*PROBLEM*
An exact restatement of the data below, with the pictures removed, is the required answer.

*DATA SHOWN*
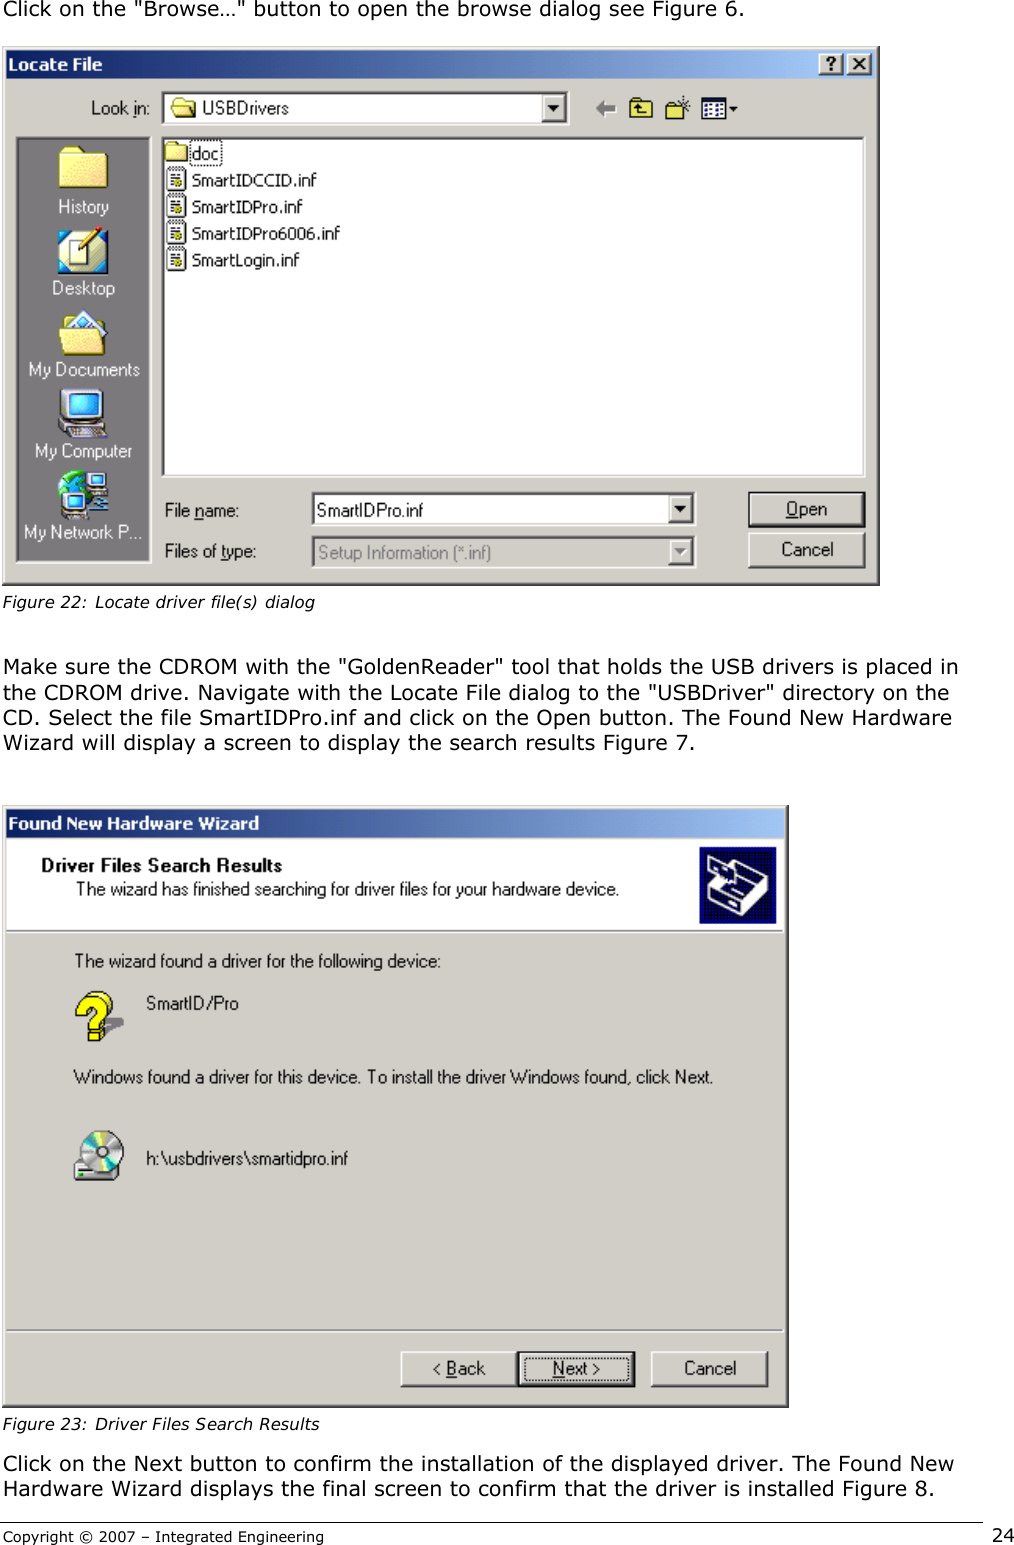 Copyright © 2007 – Integrated Engineering   24 Click on the &quot;Browse…&quot; button to open the browse dialog see Figure 6.   Figure 22: Locate driver file(s) dialog  Make sure the CDROM with the &quot;GoldenReader&quot; tool that holds the USB drivers is placed in the CDROM drive. Navigate with the Locate File dialog to the &quot;USBDriver&quot; directory on the CD. Select the file SmartIDPro.inf and click on the Open button. The Found New Hardware Wizard will display a screen to display the search results Figure 7.    Figure 23: Driver Files Search Results Click on the Next button to confirm the installation of the displayed driver. The Found New Hardware Wizard displays the final screen to confirm that the driver is installed Figure 8. 
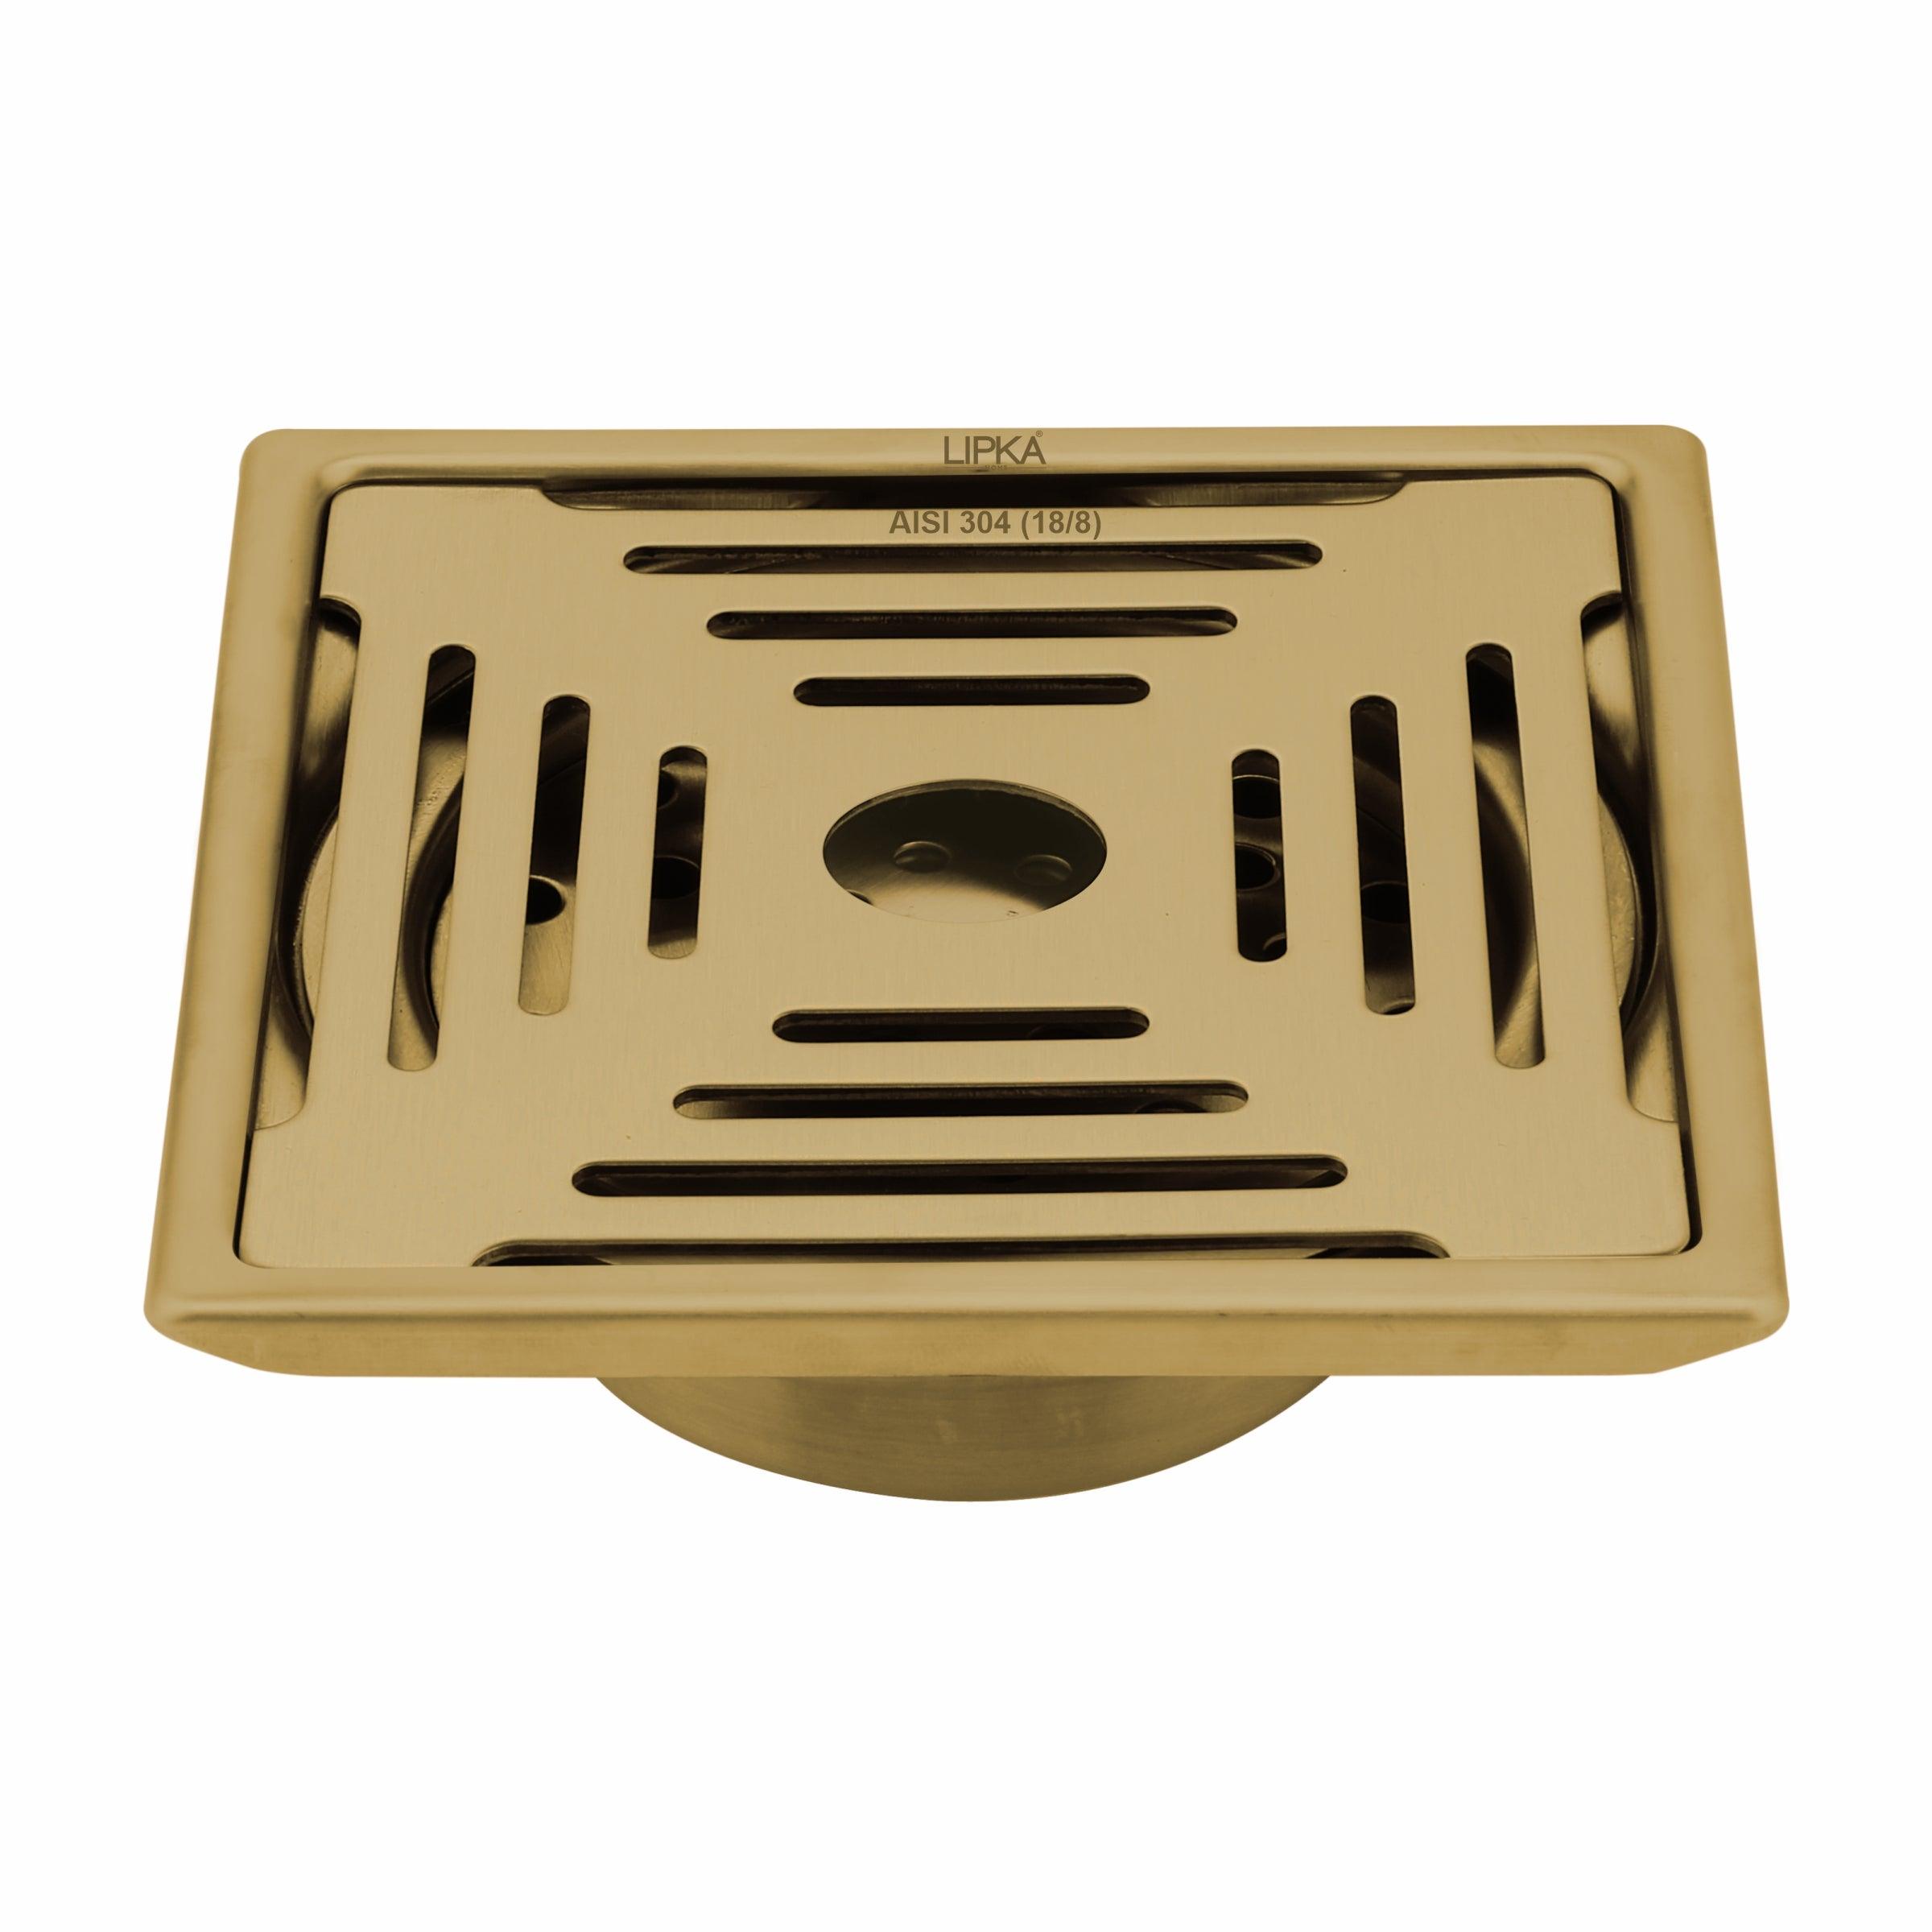 Green Exclusive Square Floor Drain in Yellow Gold PVD Coating (6 x 6 Inches) with Hole & Cockroach Trap - LIPKA
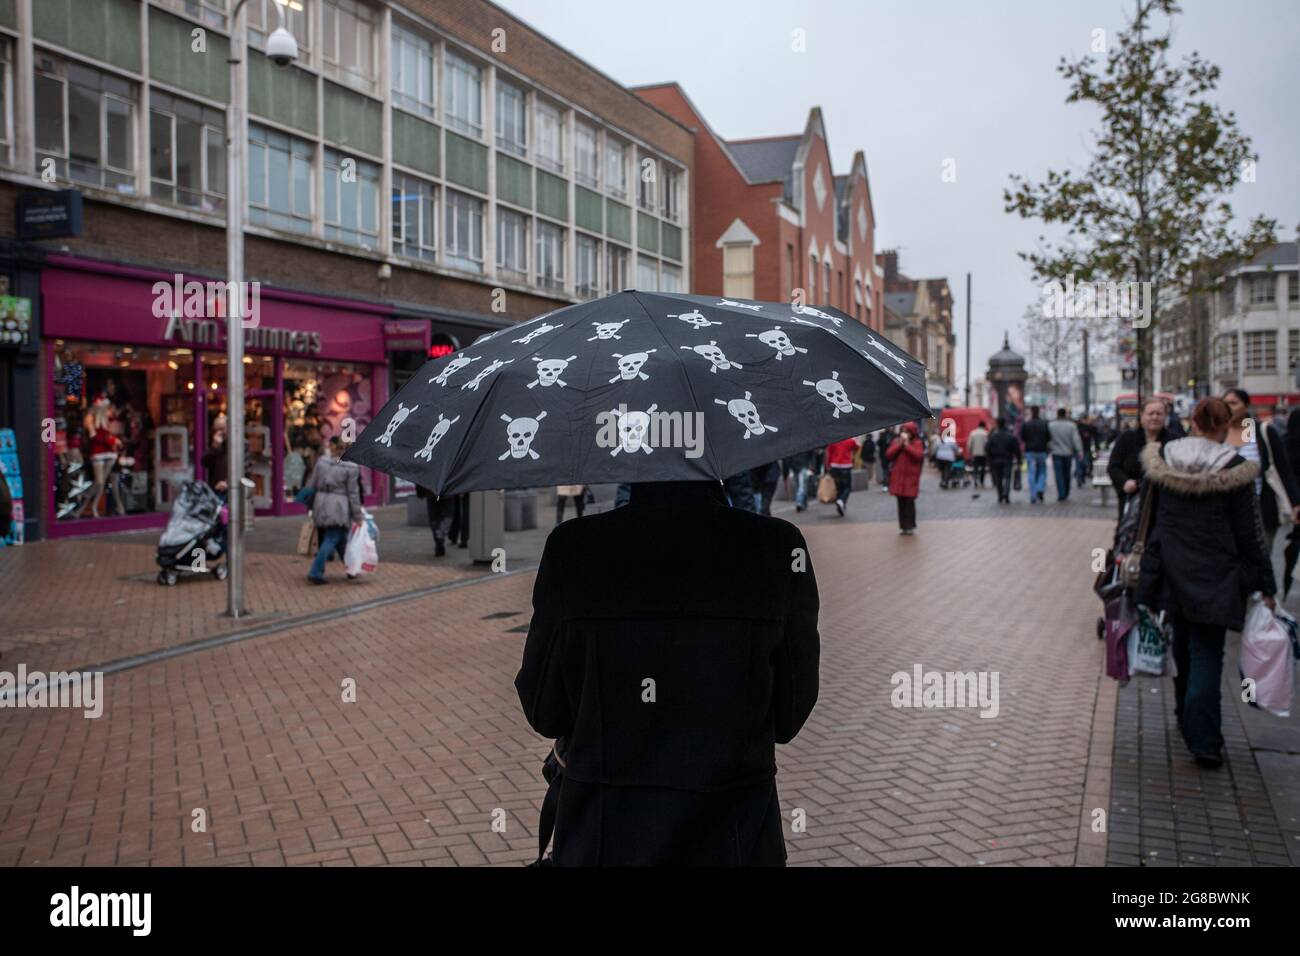 A woman walking down the high street holding an umbrella with 'Skull & Crossbones' print, as the retail sector struggles with the economy, Croydon, UK Stock Photo

*SOLUTION*
 Copyright © 2007 – Integrated Engineering   24 Click on the &quot;Browse…&quot; button to open the browse dialog see Figure 6.   Figure 22: Locate driver file(s) dialog  Make sure the CDROM with the &quot;GoldenReader&quot; tool that holds the USB drivers is placed in the CDROM drive. Navigate with the Locate File dialog to the &quot;USBDriver&quot; directory on the CD. Select the file SmartIDPro.inf and click on the Open button. The Found New Hardware Wizard will display a screen to display the search results Figure 7.    Figure 23: Driver Files Search Results Click on the Next button to confirm the installation of the displayed driver. The Found New Hardware Wizard displays the final screen to confirm that the driver is installed Figure 8. 
 Green Exclusive Square Floor Drain in Yellow Gold PVD Coating (6 x 6 Inches) with Hole & Cockroach Trap - LIPKA
 A woman walking down the high street holding an umbrella with 'Skull & Crossbones' print, as the retail sector struggles with the economy, Croydon, UK Stock Photo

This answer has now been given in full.